Не сразу нашел нужные слова. “Завтра здесь будет… айнзацгруппе”. Зося поняла. Лицо ее побелело. “Давай убежим… вместе… туда, где не воюют… еще остались такие страны…” Покачала головой. “Варум?” — “Тебя убьют”. Я ухватился за эти слова: “Ты заботишься о моей жизни. Значит, ты меня все-таки любишь?” Снова молчание в ответ. Тогда я нашел в кармане зажигалку, поднес язычок пламени к своему левому предплечью. Зося вскрикнула. “Я тебя люблю, — повторил я, снова на ее языке, и не удержался, застонал от боли. — А ты?” Не убирал огонь, пока она не кивнула головой как будто утвердительно — все так же молча, опустив глаза.
Утро. В деревне ни одного жителя. Ночью все ушли. В лес. И Зося с ними. Командир айнзацгруппы рвал на себе волосы от ярости. Если бы он знал, что это я их предупредил, меня наверняка ждал бы трибунал”.

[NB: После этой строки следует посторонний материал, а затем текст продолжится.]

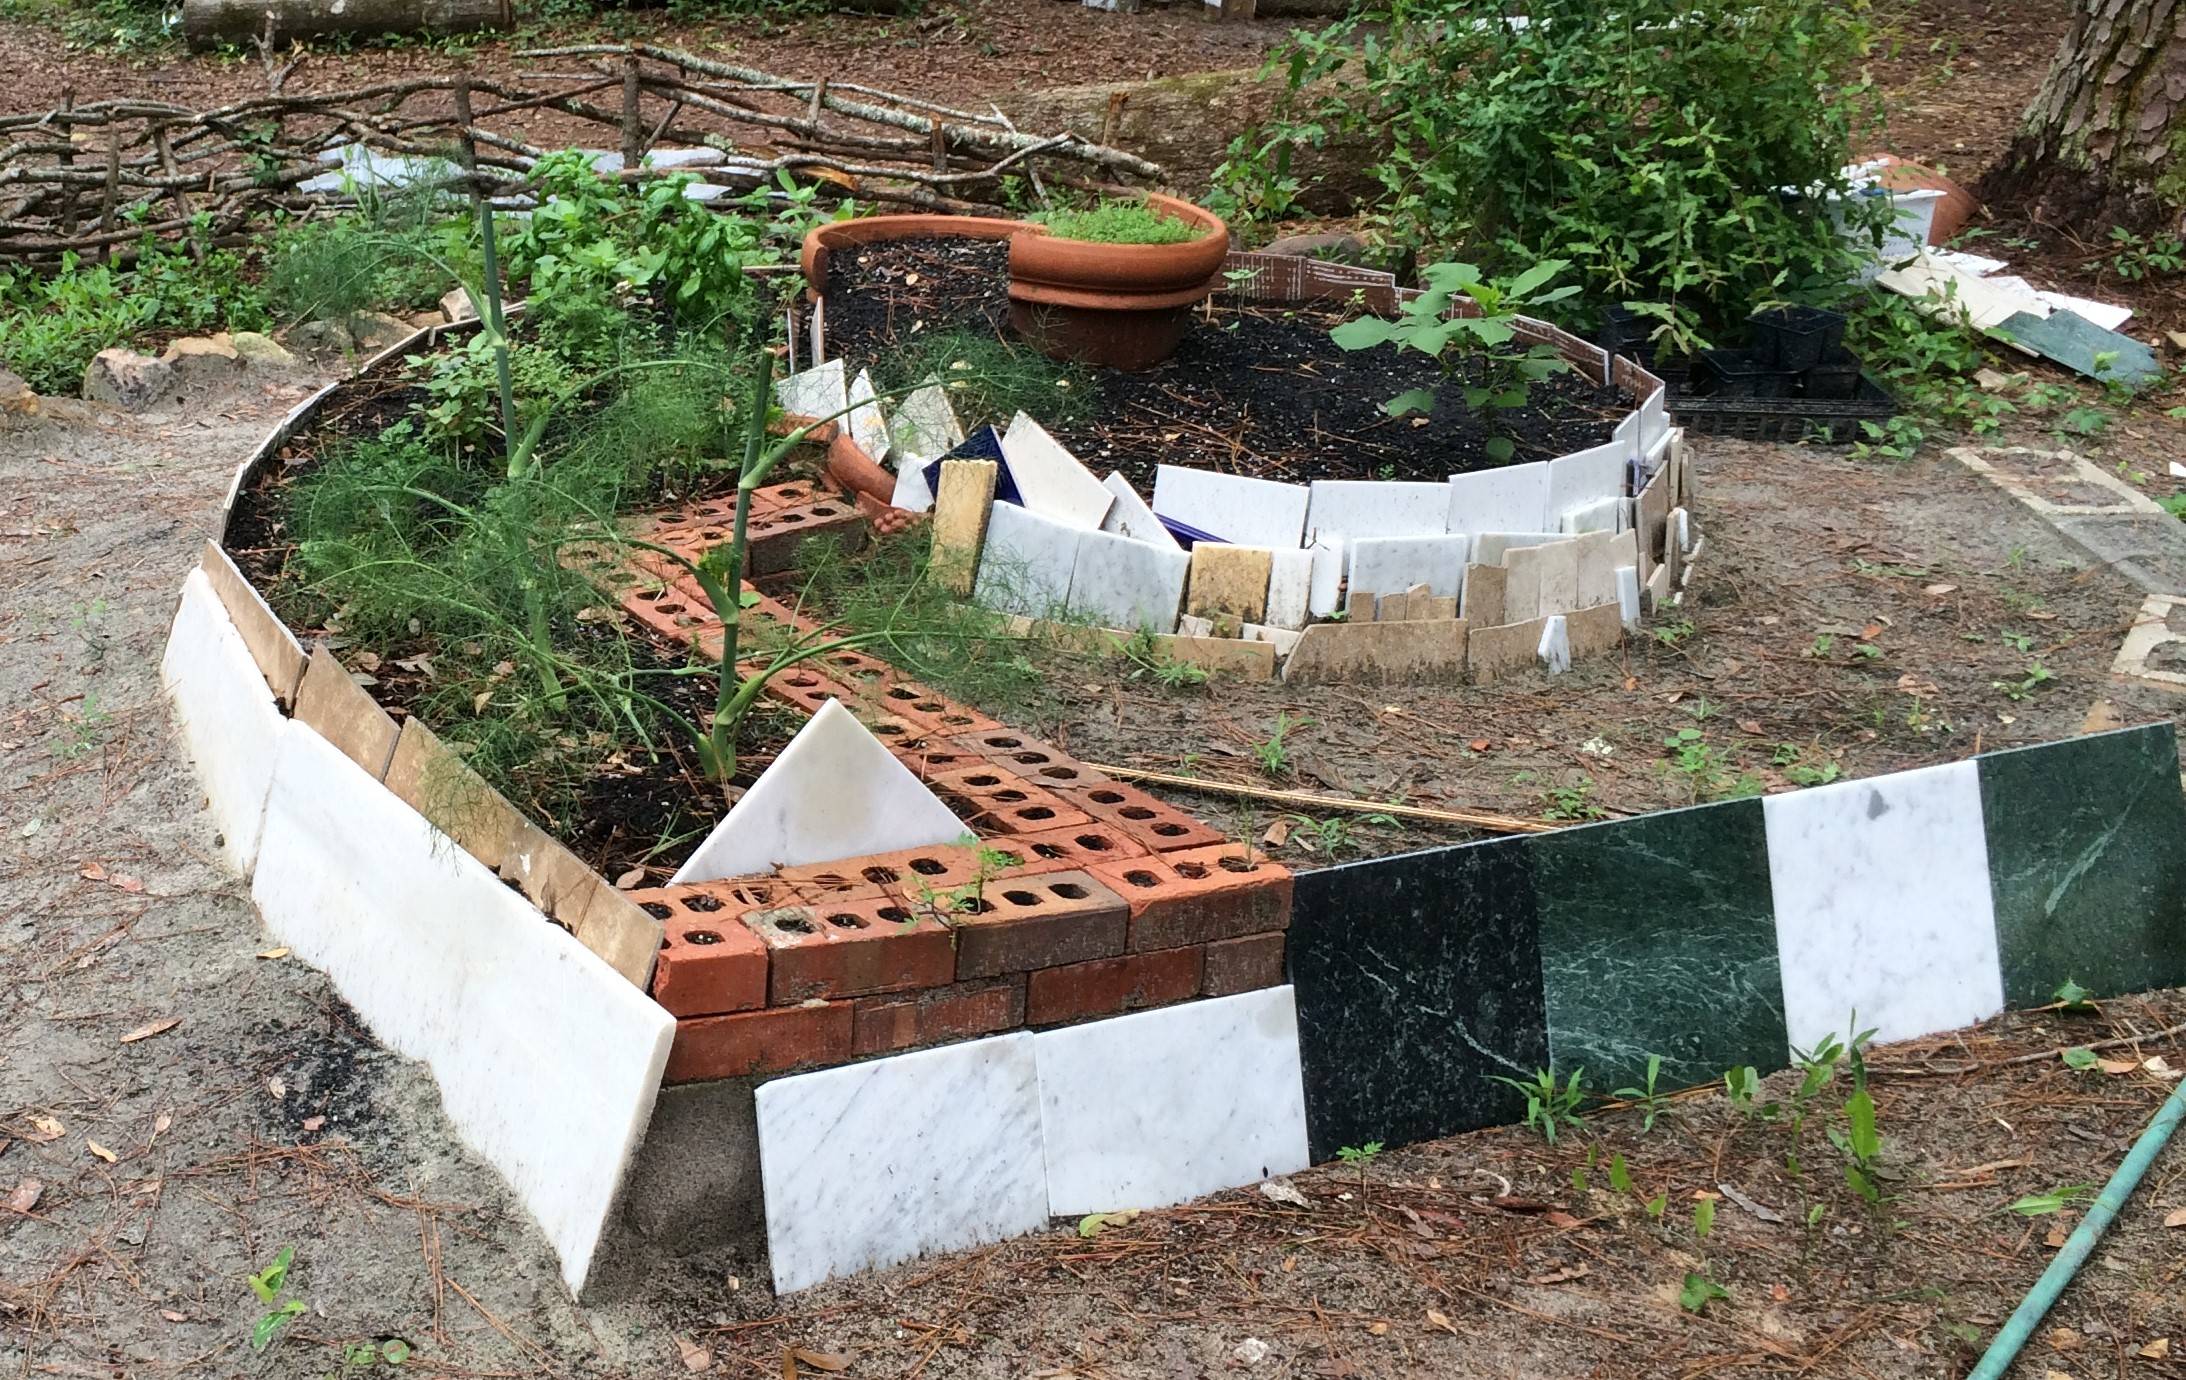 These Bricks Make Building Raised Garden Beds Simple

Голова теперь по-настоящему болела — наверное, от снотворного, от усилий разобрать незнакомый почерк на чужом языке. Дальше в дневнике была вырвана страница, а на следующей шли короткие отрывистые фразы, написанные корявыми буквами:
“…люди лежали возле сарая с раскрытыми настежь дверями... там, где их расстреляли... так я в последний раз увидел Зосю... и ее мать, и маленького брата... глаза Зоси были широко открыты… и совершенно пусты... как небо, которое в них отражалось… черное от дыма… наверное, она даже не успела испугаться... или что-нибудь вспомнить... мне сказали, это заслуга полицейского из местных, он знал, как пробраться на остров в болоте, где жители деревни обычно прятались... потом я его увидел... юркий, с прилизанными волосами и маленькими усиками, выпуклыми глазками цвета жидкого кофе... поливал бензином стены сарая…он и сегодня стоит перед глазами… я поклялся себе, что выслежу его… я не мог покарать их всех, своих и чужих… но я мог убить одного…”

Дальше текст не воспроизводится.